= TRY IT =
Leave out the pictures and retype exactly the lines from the one with "Beyond Addiction book cover" through the end of the records.

(Items from a dataset)

☆ ☆ ☆ ☆

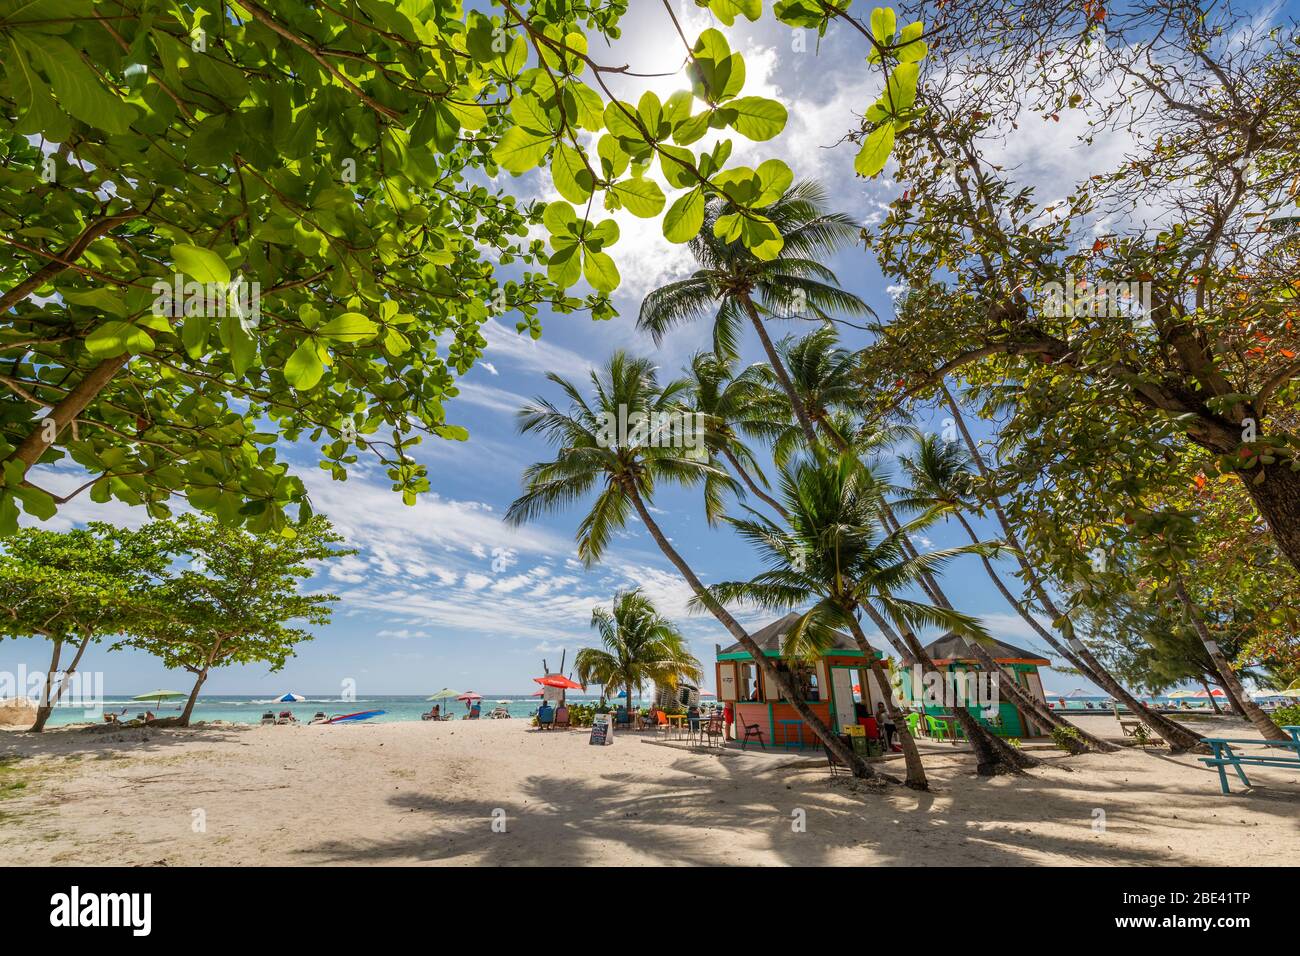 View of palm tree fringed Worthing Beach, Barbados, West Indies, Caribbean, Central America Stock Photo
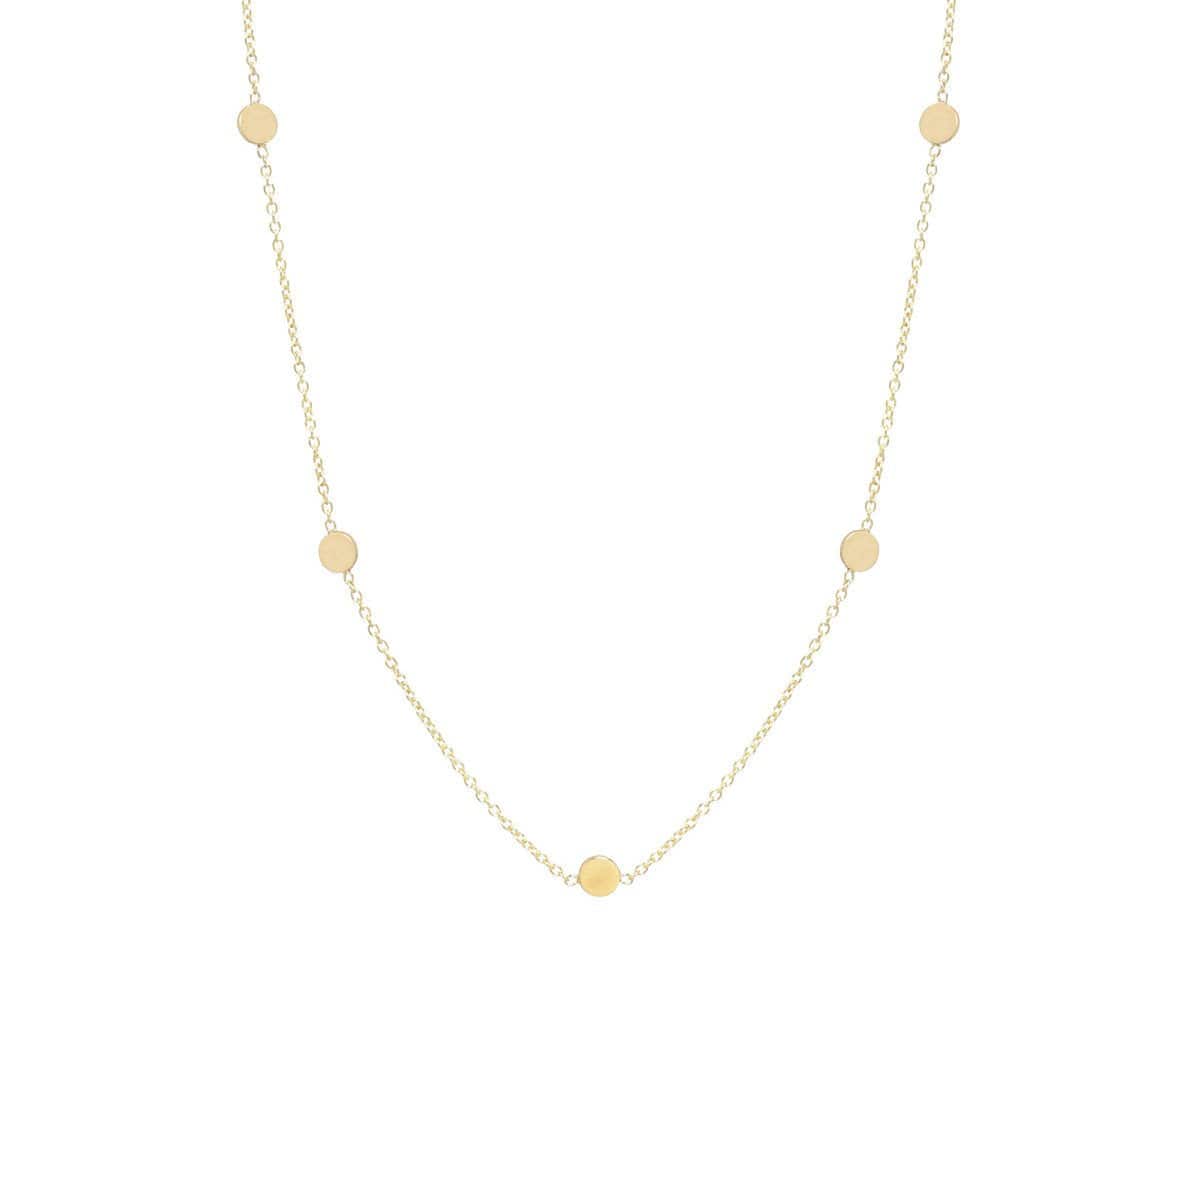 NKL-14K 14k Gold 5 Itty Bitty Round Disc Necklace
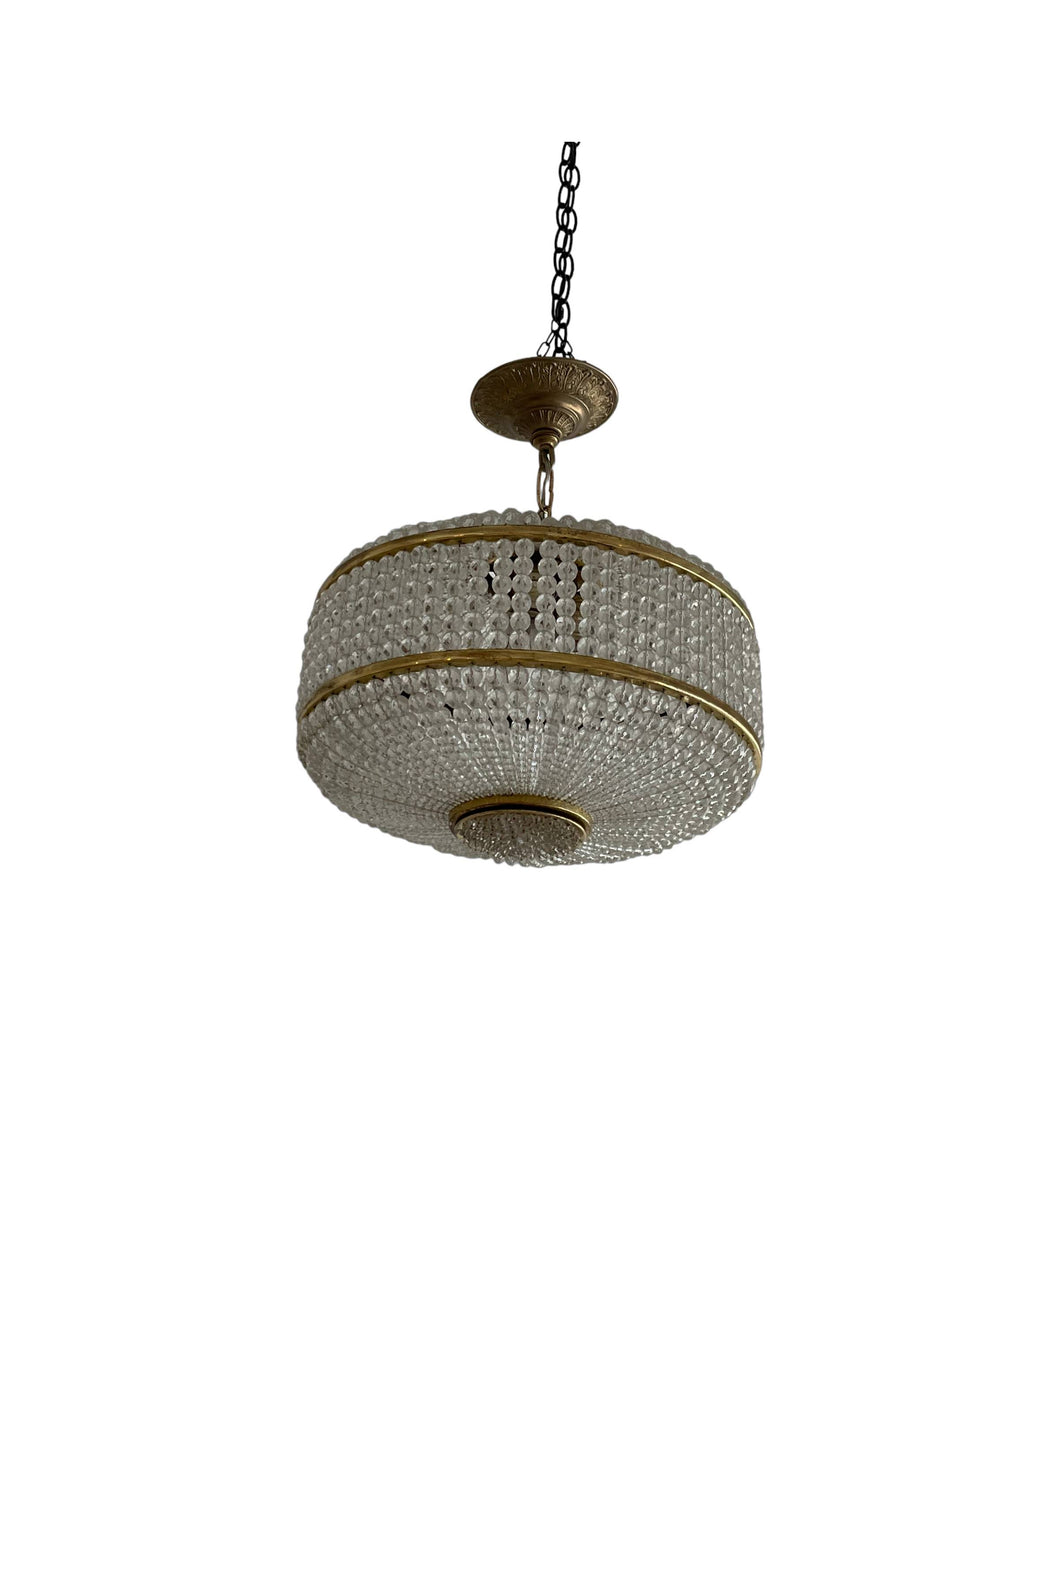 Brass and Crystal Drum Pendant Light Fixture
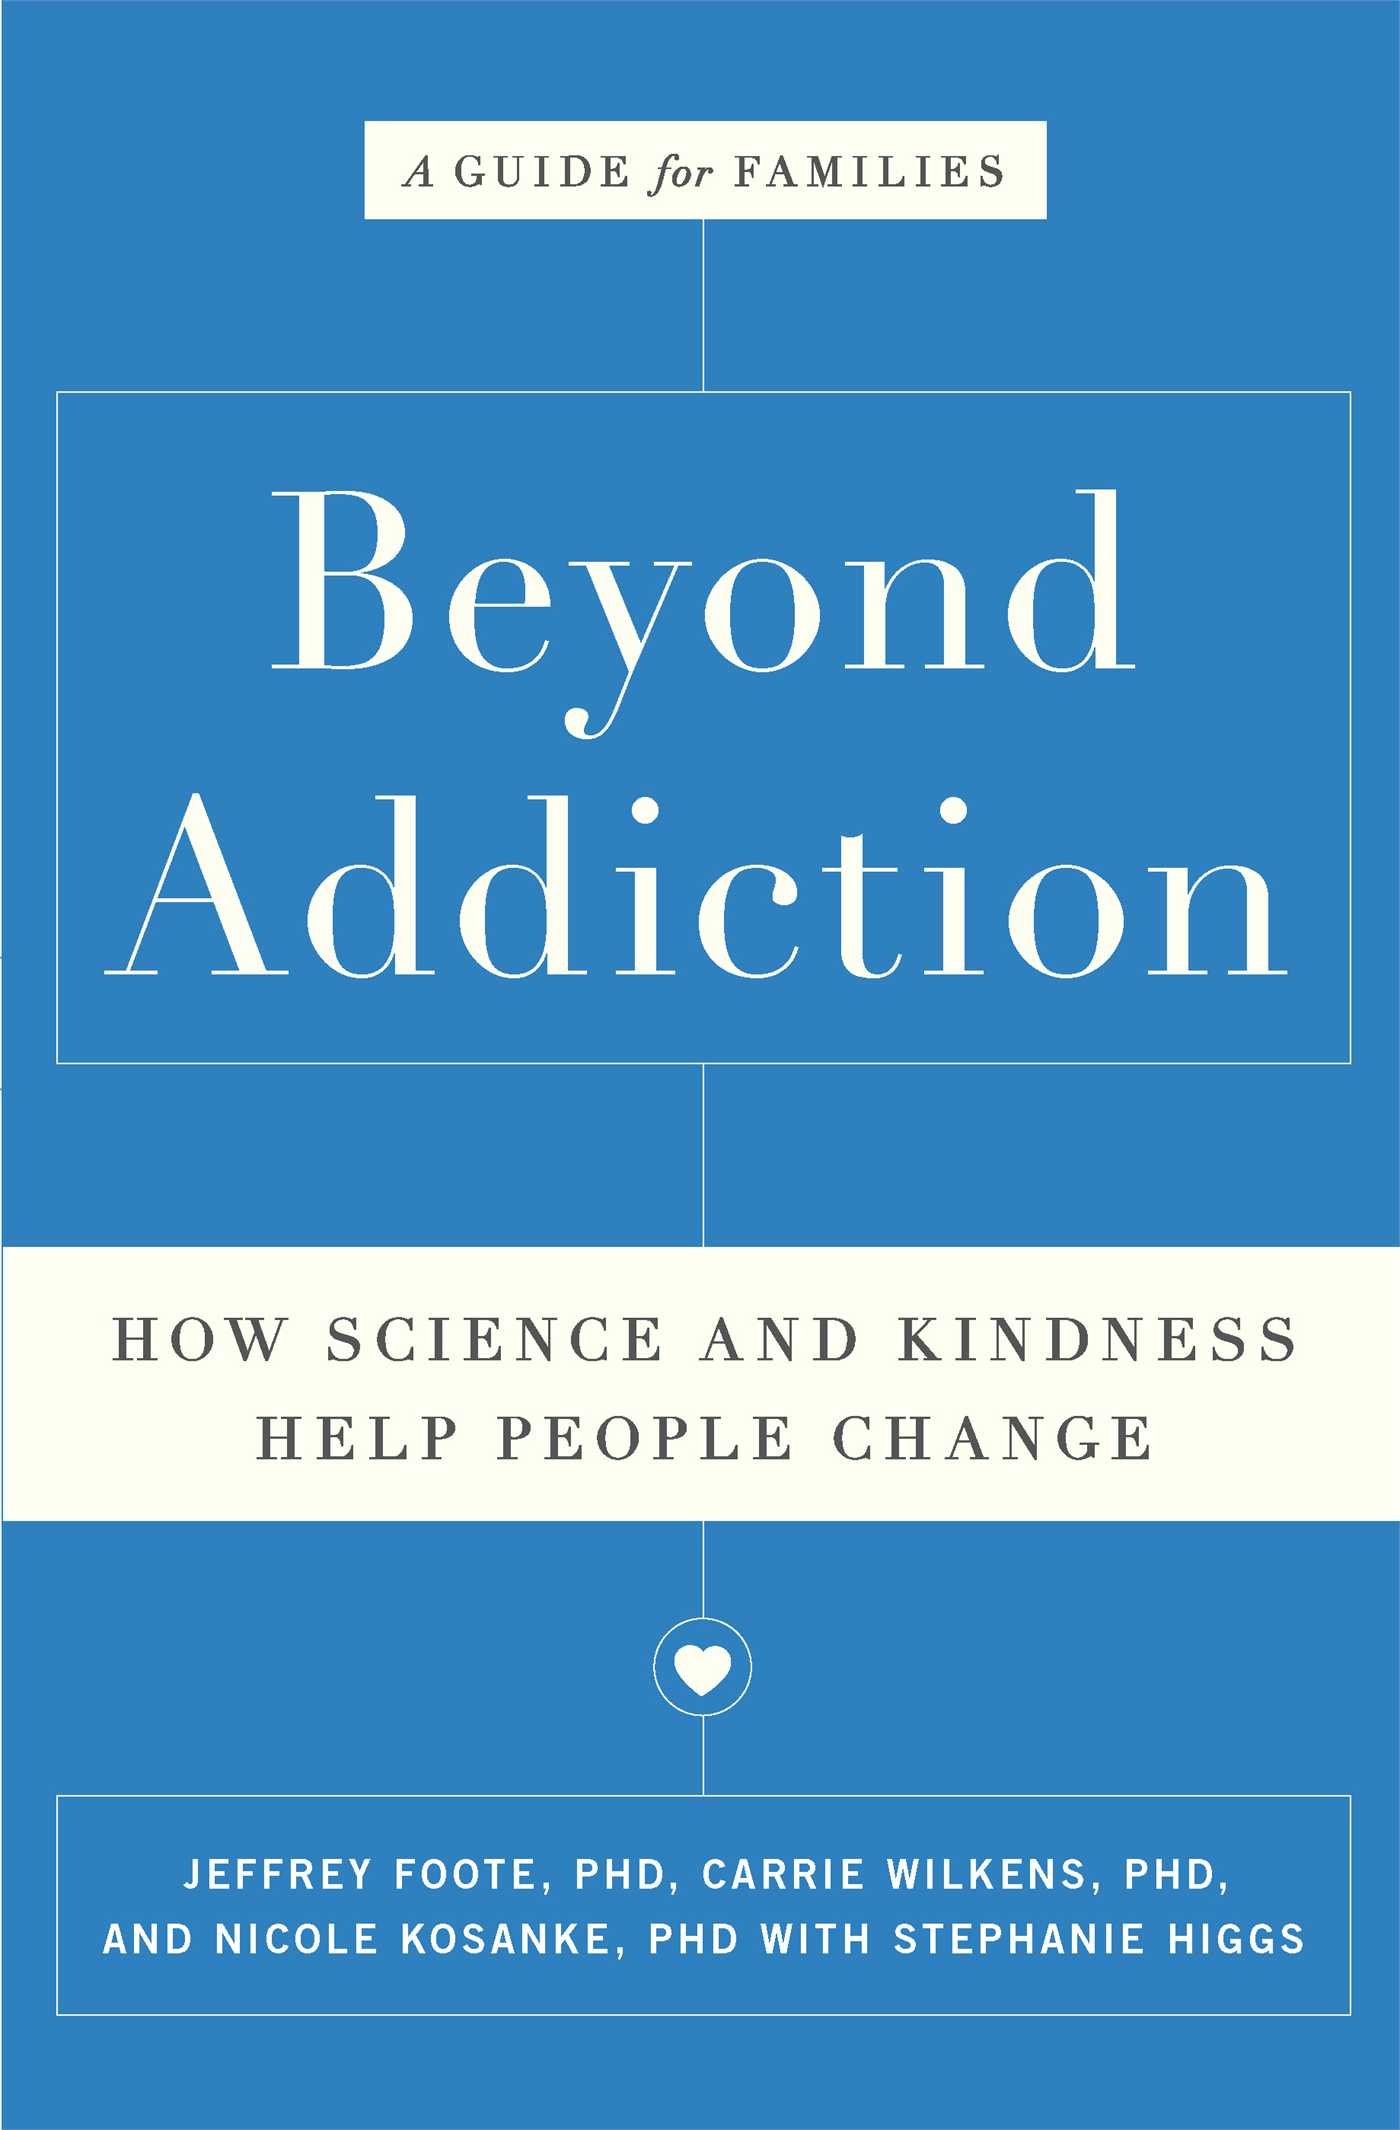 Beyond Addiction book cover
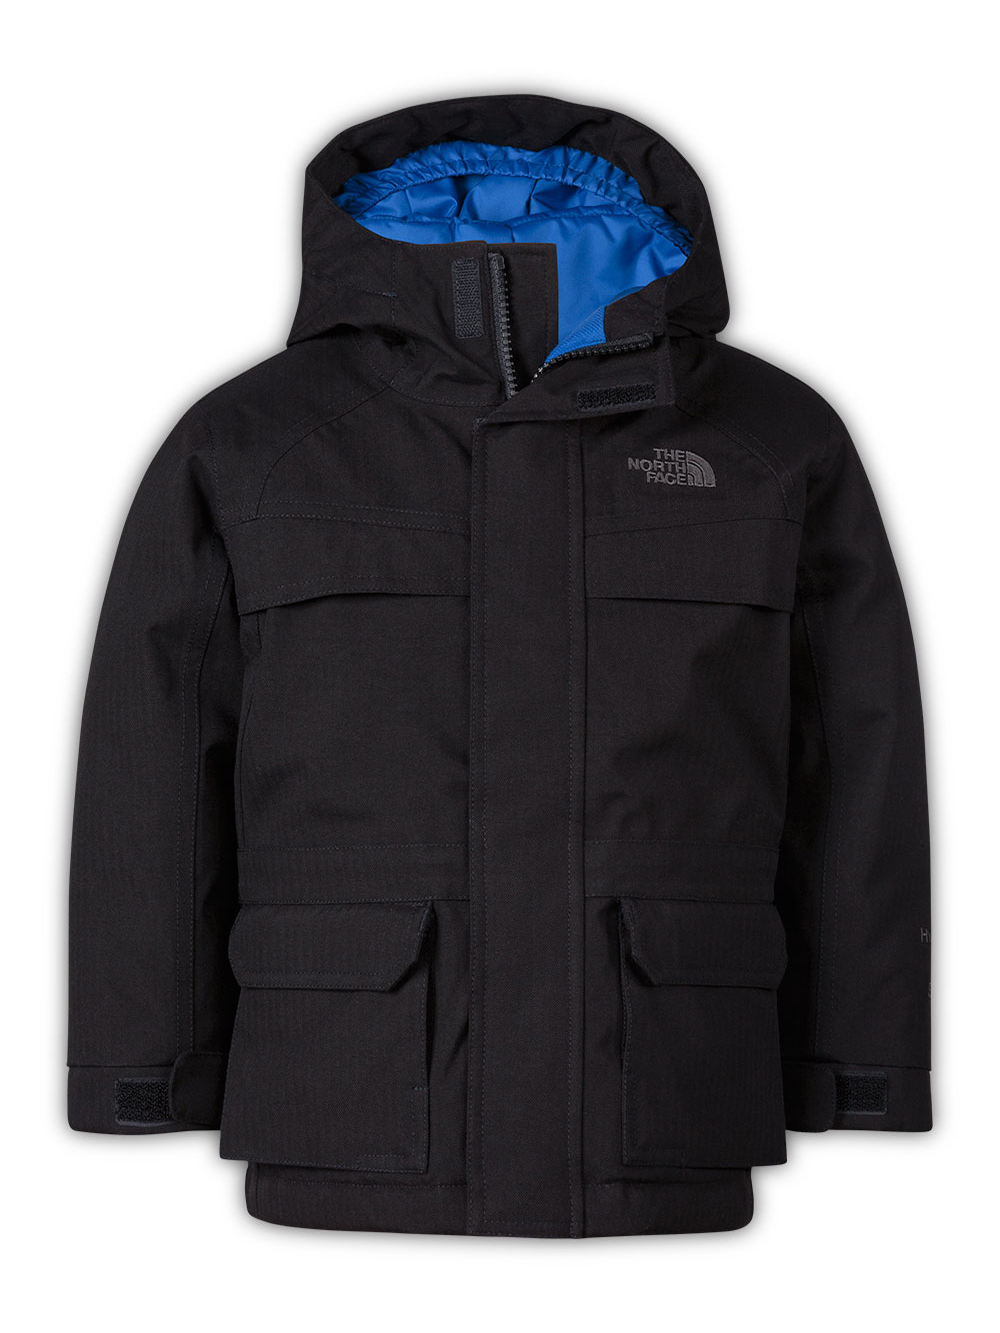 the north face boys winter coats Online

☆ ☆ ☆ ☆

= SOLUTION =
 Beyond Addiction book cover
 the north face boys winter coats Online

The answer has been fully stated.